2015 ISAKOS Biennial Congress ePoster #404

Evaluation of the Viability and Chondrogenic Capability of Cadaveric Chondrocytes for Clinical Application in Cartilage Repair

Anell Olivos-Meza, PhD, Mexico City MEXICO
Clemente Ibarra, MD, Mexico City MEXICO


FDA Status Not Applicable

Summary: Cadaveric donor cartilage provides constant amount of viable chondrocytes. Expression of constitutive chondrocyte markers is retained, but we do not know how much, and if those expression levels can be reversed with the addition of appropriate stimulus. Chondrocytes from younger donors would show stronger and more stable chondrogenic activity than adult ones.



Problem: The treatment of cartilage defects is a major challenge in the orthopedic field. Donor­site morbidity, limited numbers of cells, and loss of phenotype during expansion represent critical obstacles for cartilage repair.
Objectives: To compare the viability and number of chondrocytes isolated from live donor articular cartilage versus cadveric donor articular cartilage.

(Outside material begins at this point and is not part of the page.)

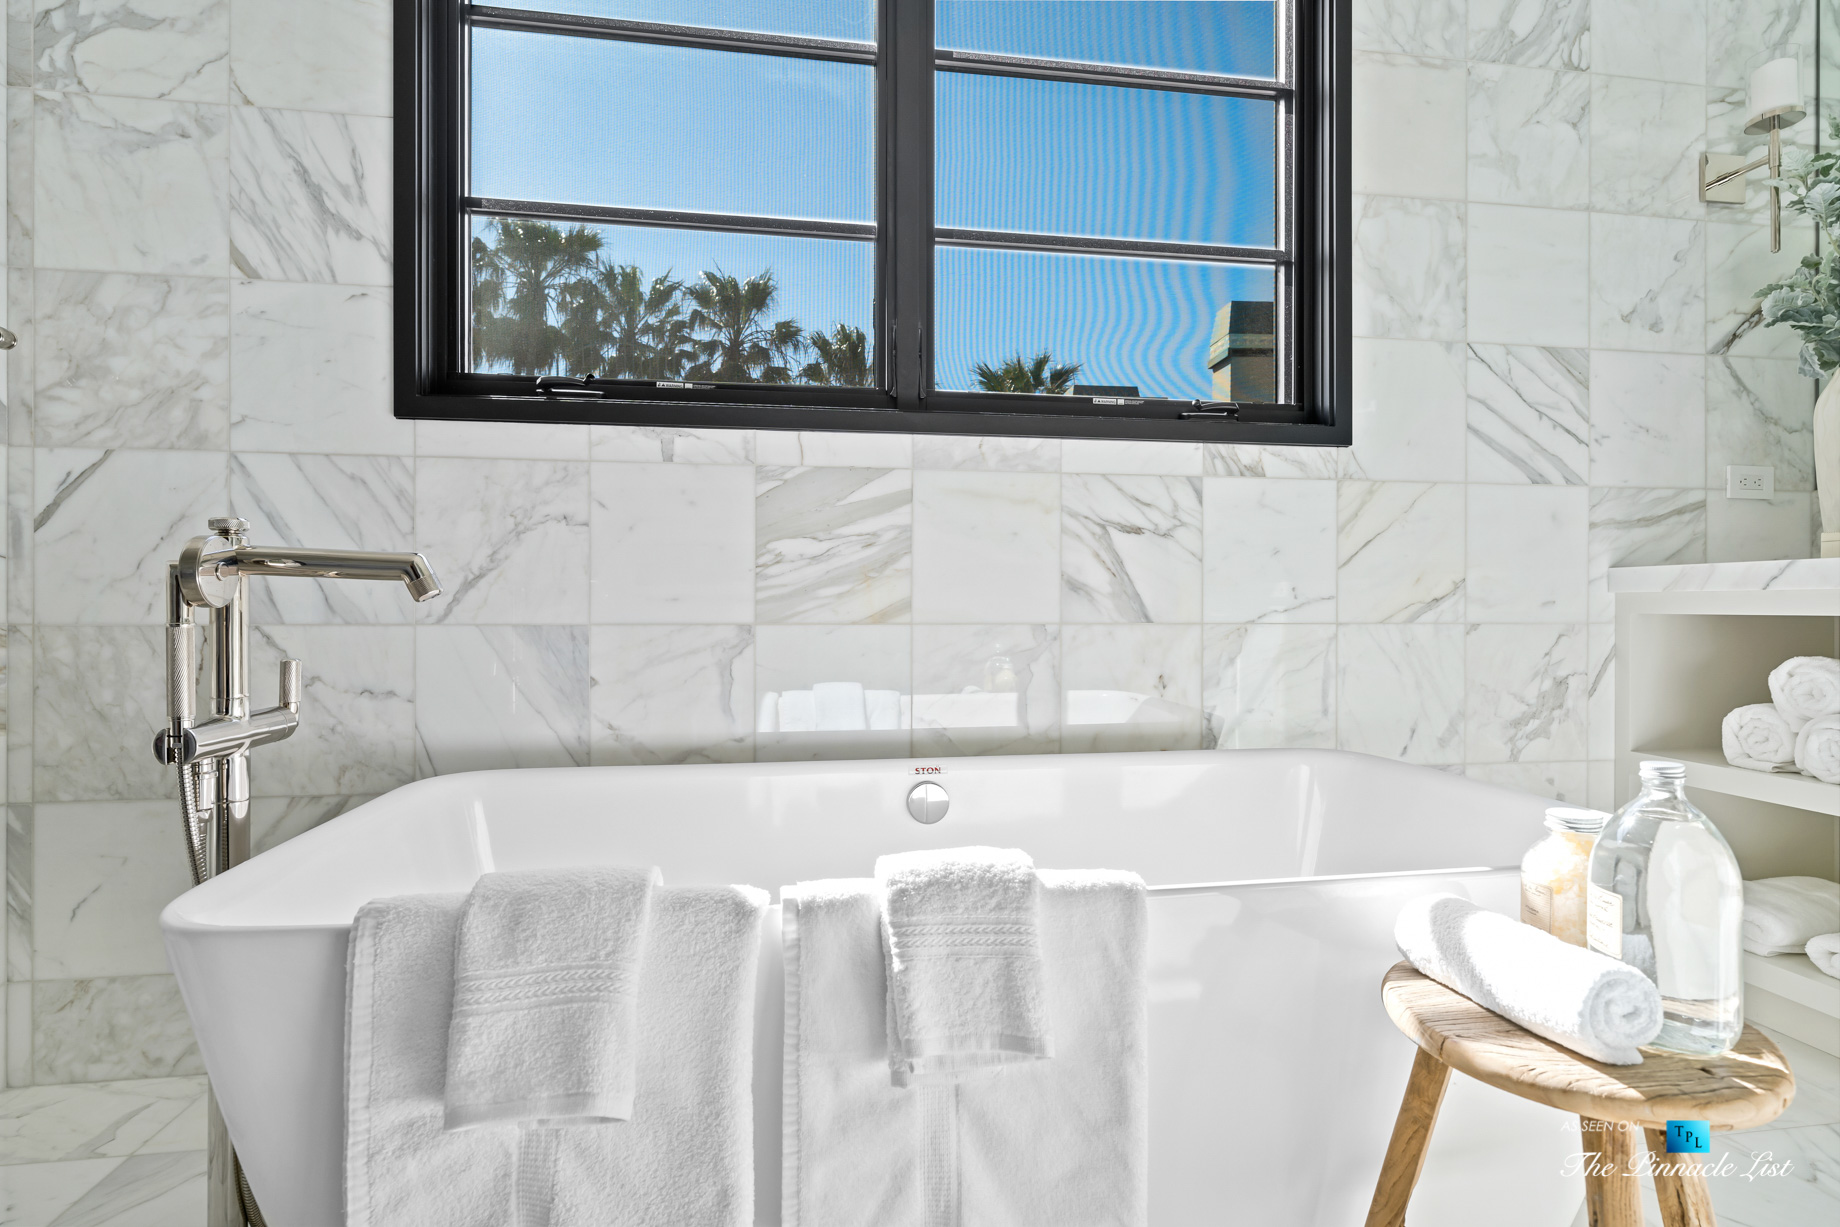 508 The Strand, Manhattan Beach, CA, USA - Master Bathroom Freestanding Tub - Luxury Real Estate - Oceanfront Home

Twenty-two osteochondral biopsies from cadaveric donor and ten osteochondral plugs from live donor were included. Bone was separated from cartilage and the last was chopped and digested in type-I collagenasa during five hours. Counting and viability was assessed by tripan-blue stain.


Mean time from death to cartilage processing in cadaveric donors was 21.75 hours (±6.13) while in live donors cartilage samples were processed in a mean of 1.9 hours (±0.54). Mean number of chondrocytes per milligram of cartilage in cadaveric donors was 1,951 (±70.3) while in live donors the mean was 4,396 (±2506) cells. Significant statistical difference was found in processing time (biopsy to chondrocyte isolation) between cadaveric donor (mean 21.7-hours) and live donor samples (mean 1.9-hours) (p=0.007). We did not found significant difference between the number of primary chondrocytes per milligram of tissue isolated from cadaveric versus live donor cartilage (p=0.12).


Is posibble to isolate viable chondrocytes from cadaveric articular cartilage processed between the first 22 hours of dead obtaining a similar number of cells than in live donors. Cadaveric articular cartilage can be a reliable source for the acquisition of sufficient number of chondrocytes of the appropiate phenotype for cryopreservation or expanssion.